Meta-Reinforcement Learning for Fast and Data-Efficient Spectrum Allocation in Dynamic Wireless Networks

TL;DR

This paper introduces a meta-learning approach for spectrum allocation in dynamic wireless networks, enabling rapid adaptation and improved performance over traditional DRL methods, with significant gains in throughput and safety.

Contribution

It develops and evaluates three meta-learning architectures for fast, data-efficient spectrum management, demonstrating superior performance and safety compared to standard DRL algorithms.

Findings

Meta-learning architectures outperform PPO baseline in throughput.

Attention-based meta-learning reduces interference and latency violations.

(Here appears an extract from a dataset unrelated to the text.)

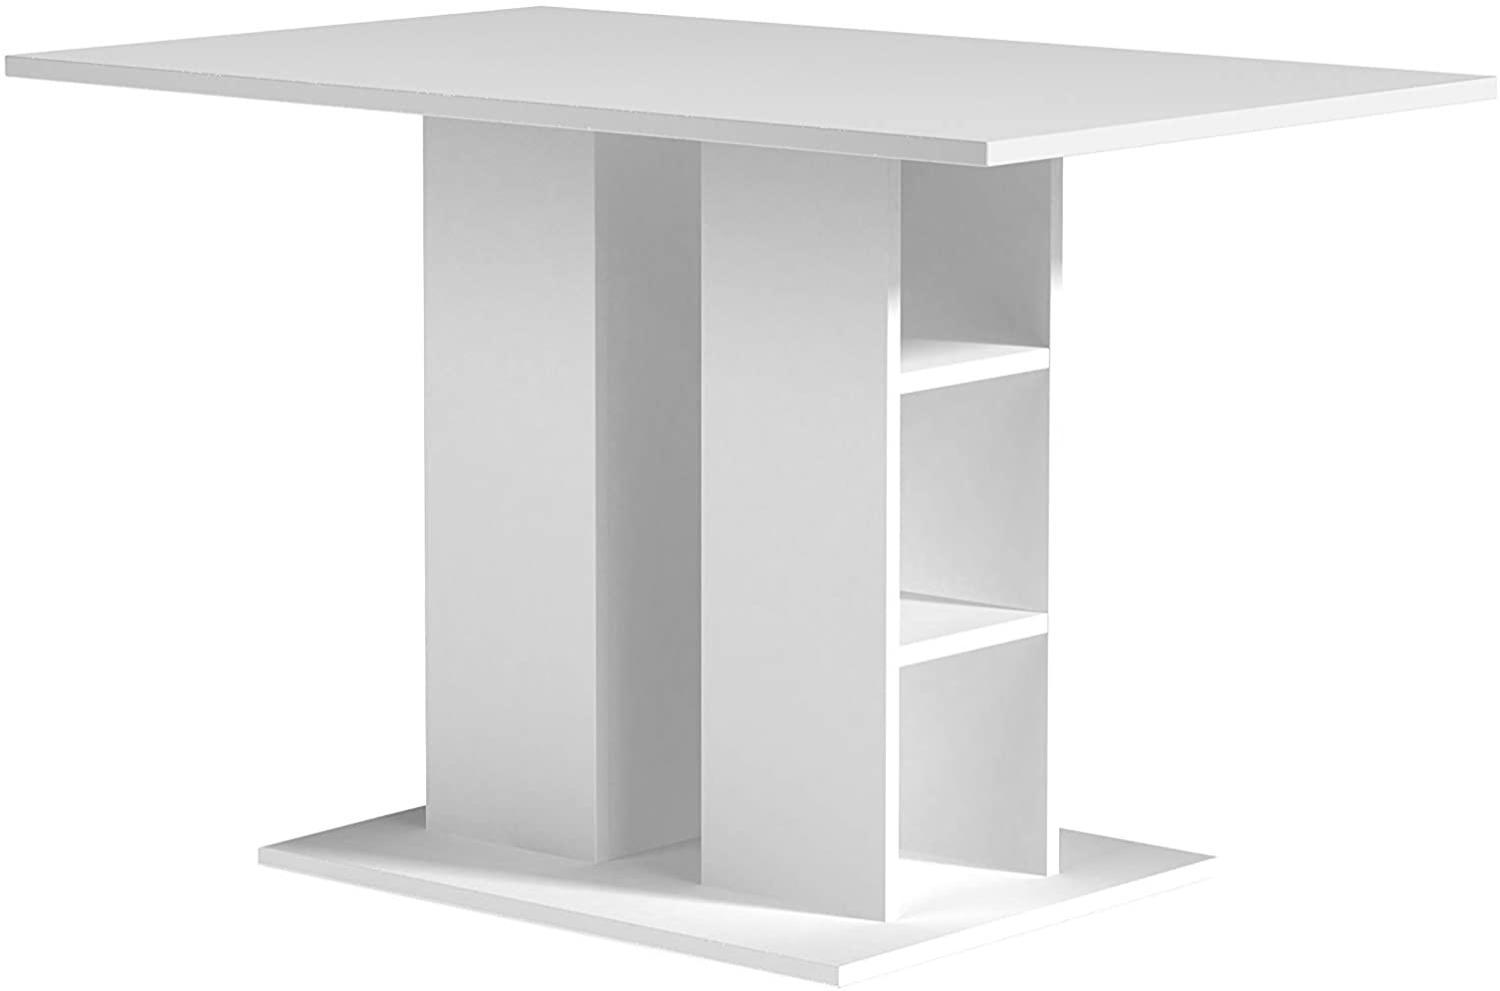 byLIVING Mattis Säulentisch mit robuster und pflegeleichter Melamin Oberfläche in weiß. Für mehr Stauraum sind Fächer in der Säule eingebaut, Holzwerkstoff, 70 x 110, H 75 cm Bild 1
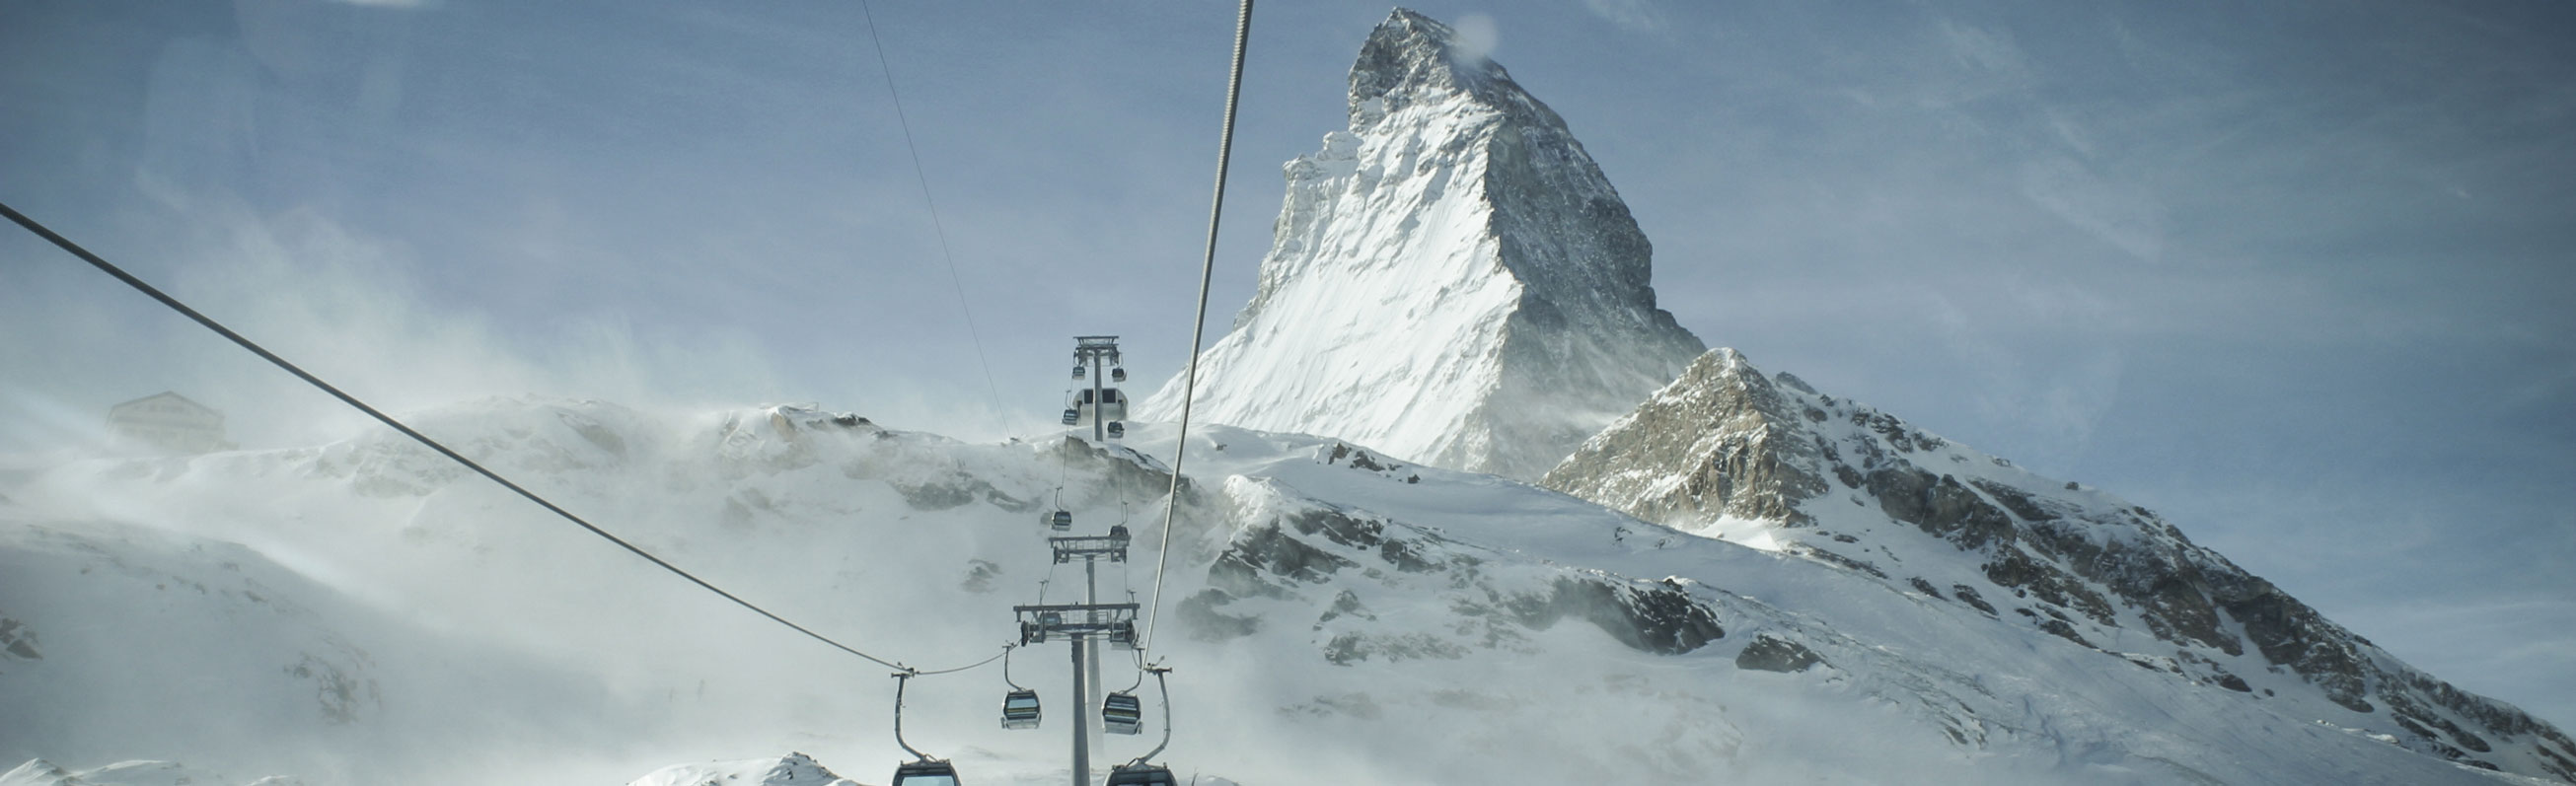 Stiune de schiZermatt - Matterhorn, ghetar 5.jpg

Rapid adaptation improves fairness and resource allocation.

Abstract

The dynamic allocation of spectrum in 5G / 6G networks is critical to efficient resource utilization. However, applying traditional deep reinforcement learning (DRL) is often infeasible due to its immense sample complexity and the safety risks associated with unguided exploration, which can cause severe network interference. To address these challenges, we propose a meta-learning framework that enables agents to learn a robust initial policy and rapidly adapt to new wireless scenarios with minimal data. We implement three meta-learning architectures, model-agnostic meta-learning (MAML), recurrent neural network (RNN), and an attention-enhanced RNN, and evaluate them against a non-meta-learning DRL algorithm, proximal policy optimization (PPO) baseline, in a simulated dynamic integrated access/backhaul (IAB) environment. Our results show a clear performance gap. The attention-based meta-learning agent reaches a peak mean network throughput of 48 Mbps, while the PPO baseline decreased drastically to 10 Mbps. Furthermore, our method reduces SINR and latency violations by more than 50% compared to PPO. It also shows quick adaptation, with a fairness index 0.7, showing better resource allocation. This work proves that meta-learning is a very effective and safer option for intelligent control in complex wireless systems.